Miller was the glue.
Sure, he faced only 19 shots. But from front line to back, the Americans say their 29-year-old goalie from East Lansing, Mich., is a big reason why this team hasn't panicked on hockey's biggest stage the last two weeks.
When the U.S. looked frazzled while scrambling through the first minutes against Switzerland, Miller soothed them.
Just over three minutes into the game, he coolly threw out his blocker to deny Julien Sprunger's drive from the slot after a bad giveaway by the Americans in their own zone.
Less than a minutes later, he threw a shoulder out to stop Raffaele Sannitz's rising shot, again from the slot when the U.S. defense was caught out of position.

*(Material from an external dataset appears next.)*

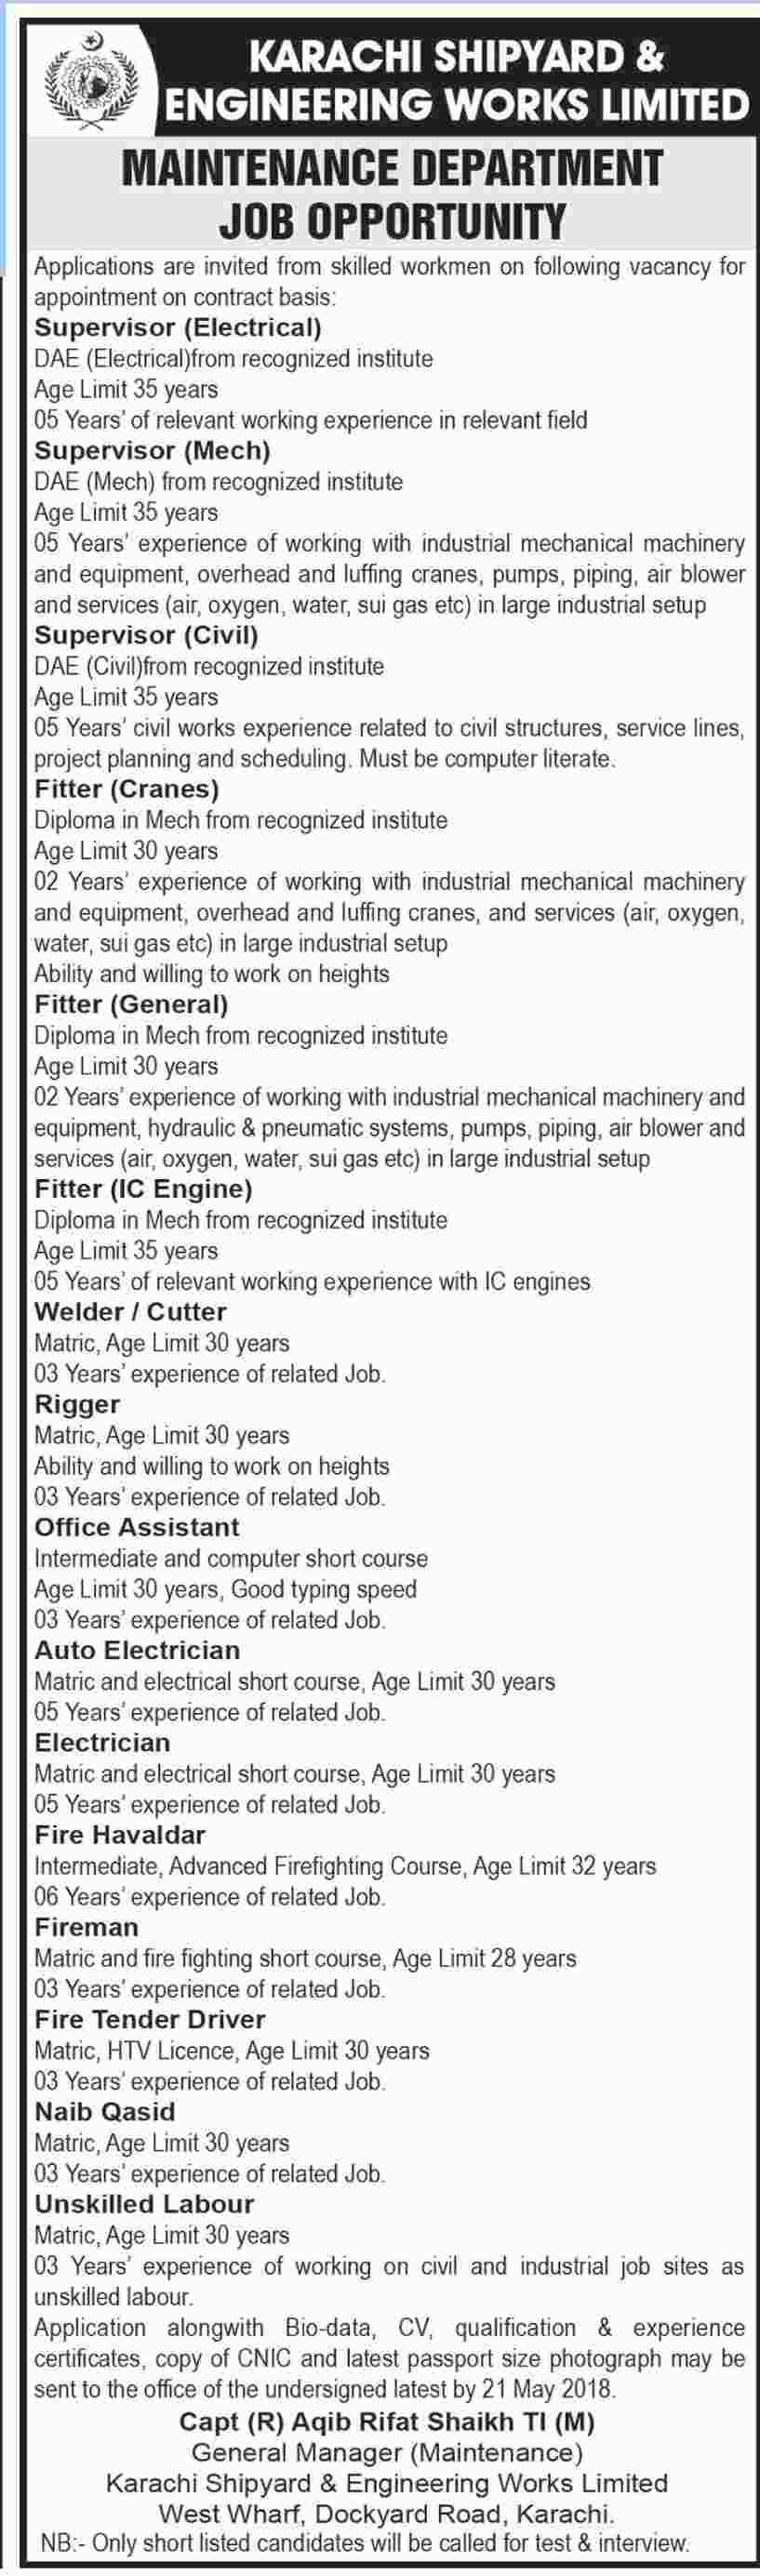 Jobs in Karachi Shipyard & Engineering Works Limited 06 May 2018

And then, with his team clinging to its 1-0 with seven minutes remaining, Miller gloved a cannon-blast of a shot from Luca Sbisa, who was left dangerously open in the faceoff circle.
After each of those saves, Miller had no expression. Just doing his job.
His only reaction came early in the third period. He was drilled in the stomach with the puck while stopping yet another Swiss drive.
He bent over and was trying to catch his breath when he got a second stroke of luck -- extended stoppage to clean the ice. After a few minutes, Miller resumed what's been his normal business in Vancouver.
He had 42 saves against Canada. He has allowed just five goals in four games, and only two of those have come at even strength. He also has quietly moved this team within two wins of gold.
"I expected the Swiss to counterattack every once in a while," U.S. coach Ron Wilson said. "But with a goalie like Ryan Miller
... you expect big saves. And we got them."